Records from a dataset:
Segment Open
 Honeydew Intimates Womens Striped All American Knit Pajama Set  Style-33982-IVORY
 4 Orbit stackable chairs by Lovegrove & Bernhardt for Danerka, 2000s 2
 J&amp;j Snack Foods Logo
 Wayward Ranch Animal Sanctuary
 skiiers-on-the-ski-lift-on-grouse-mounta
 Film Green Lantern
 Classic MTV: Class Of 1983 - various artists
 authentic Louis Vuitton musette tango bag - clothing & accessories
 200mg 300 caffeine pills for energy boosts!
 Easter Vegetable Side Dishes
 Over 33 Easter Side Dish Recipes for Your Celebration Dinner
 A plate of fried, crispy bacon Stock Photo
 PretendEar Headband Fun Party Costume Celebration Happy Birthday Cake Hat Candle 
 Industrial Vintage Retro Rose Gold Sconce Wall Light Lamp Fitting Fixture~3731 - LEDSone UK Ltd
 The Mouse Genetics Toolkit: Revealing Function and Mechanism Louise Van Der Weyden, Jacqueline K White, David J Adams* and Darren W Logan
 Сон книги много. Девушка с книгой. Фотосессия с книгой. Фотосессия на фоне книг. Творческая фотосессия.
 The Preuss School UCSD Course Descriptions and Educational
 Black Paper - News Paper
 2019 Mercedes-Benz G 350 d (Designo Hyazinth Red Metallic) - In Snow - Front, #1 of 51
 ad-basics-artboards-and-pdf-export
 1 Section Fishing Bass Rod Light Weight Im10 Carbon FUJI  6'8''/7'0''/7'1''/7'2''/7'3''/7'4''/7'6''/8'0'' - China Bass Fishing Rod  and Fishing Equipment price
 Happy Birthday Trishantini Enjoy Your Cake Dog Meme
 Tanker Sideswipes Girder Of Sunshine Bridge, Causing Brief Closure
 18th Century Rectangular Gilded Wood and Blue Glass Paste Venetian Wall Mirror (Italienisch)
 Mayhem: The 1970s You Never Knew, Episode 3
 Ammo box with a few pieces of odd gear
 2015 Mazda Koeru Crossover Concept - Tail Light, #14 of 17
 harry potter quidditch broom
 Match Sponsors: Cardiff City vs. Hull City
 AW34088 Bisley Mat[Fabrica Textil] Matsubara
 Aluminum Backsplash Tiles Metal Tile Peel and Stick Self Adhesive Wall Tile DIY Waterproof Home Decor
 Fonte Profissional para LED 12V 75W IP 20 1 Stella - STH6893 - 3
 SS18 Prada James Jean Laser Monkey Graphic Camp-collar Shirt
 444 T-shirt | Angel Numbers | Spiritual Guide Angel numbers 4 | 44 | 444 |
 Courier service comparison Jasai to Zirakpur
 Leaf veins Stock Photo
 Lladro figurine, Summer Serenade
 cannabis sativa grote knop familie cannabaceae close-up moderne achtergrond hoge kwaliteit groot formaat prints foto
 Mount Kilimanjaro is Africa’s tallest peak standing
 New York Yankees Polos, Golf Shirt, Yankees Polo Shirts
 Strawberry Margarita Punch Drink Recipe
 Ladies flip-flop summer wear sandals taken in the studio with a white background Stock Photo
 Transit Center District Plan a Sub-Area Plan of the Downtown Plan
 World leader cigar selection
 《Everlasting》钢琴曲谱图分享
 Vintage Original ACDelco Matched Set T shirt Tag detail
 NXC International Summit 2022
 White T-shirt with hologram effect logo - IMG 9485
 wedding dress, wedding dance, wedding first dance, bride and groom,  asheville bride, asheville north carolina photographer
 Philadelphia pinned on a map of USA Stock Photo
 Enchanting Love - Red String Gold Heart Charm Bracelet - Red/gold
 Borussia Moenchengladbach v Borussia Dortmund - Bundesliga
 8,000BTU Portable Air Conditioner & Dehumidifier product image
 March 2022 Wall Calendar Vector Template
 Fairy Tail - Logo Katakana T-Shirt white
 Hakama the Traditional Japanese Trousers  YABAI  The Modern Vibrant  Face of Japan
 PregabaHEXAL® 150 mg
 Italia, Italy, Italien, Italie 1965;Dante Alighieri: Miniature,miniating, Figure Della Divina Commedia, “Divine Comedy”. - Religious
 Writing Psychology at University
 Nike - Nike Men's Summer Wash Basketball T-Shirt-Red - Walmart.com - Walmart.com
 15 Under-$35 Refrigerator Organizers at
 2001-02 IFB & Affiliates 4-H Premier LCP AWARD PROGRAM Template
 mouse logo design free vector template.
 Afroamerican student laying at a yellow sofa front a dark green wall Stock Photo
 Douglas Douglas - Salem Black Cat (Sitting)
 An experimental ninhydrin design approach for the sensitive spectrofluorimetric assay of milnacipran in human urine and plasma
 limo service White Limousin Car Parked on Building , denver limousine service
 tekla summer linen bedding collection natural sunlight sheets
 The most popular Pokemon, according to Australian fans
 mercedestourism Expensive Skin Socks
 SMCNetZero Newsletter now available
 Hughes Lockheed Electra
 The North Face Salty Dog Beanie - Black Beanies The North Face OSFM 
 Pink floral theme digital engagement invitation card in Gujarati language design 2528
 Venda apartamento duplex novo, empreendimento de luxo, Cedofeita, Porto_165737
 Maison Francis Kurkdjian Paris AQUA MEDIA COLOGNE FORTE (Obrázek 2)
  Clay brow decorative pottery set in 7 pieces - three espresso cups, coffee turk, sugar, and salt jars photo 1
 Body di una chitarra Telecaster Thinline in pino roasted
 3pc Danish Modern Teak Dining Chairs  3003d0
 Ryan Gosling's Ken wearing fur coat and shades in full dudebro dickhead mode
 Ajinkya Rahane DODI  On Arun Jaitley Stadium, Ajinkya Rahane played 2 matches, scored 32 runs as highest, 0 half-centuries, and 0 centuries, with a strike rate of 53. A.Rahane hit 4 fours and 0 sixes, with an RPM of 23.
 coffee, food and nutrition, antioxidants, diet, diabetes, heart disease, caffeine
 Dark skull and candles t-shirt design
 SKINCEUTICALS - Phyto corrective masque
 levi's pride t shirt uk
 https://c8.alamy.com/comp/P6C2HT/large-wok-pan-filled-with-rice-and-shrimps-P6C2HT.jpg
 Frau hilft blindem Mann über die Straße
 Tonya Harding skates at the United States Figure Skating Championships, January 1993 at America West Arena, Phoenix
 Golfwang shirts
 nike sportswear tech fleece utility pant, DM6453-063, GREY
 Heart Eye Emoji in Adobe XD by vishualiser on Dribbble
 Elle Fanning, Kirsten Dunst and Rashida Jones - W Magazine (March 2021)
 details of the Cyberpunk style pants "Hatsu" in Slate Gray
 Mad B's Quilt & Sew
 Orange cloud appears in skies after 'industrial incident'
Segment Closed
## Goal of the exercise
Go through the entries and return each line where the word "Figure" occurs.

## Response area
 Italia, Italy, Italien, Italie 1965;Dante Alighieri: Miniature,miniating, Figure Della Divina Commedia, “Divine Comedy”. - Religious
 Tonya Harding skates at the United States Figure Skating Championships, January 1993 at America West Arena, Phoenix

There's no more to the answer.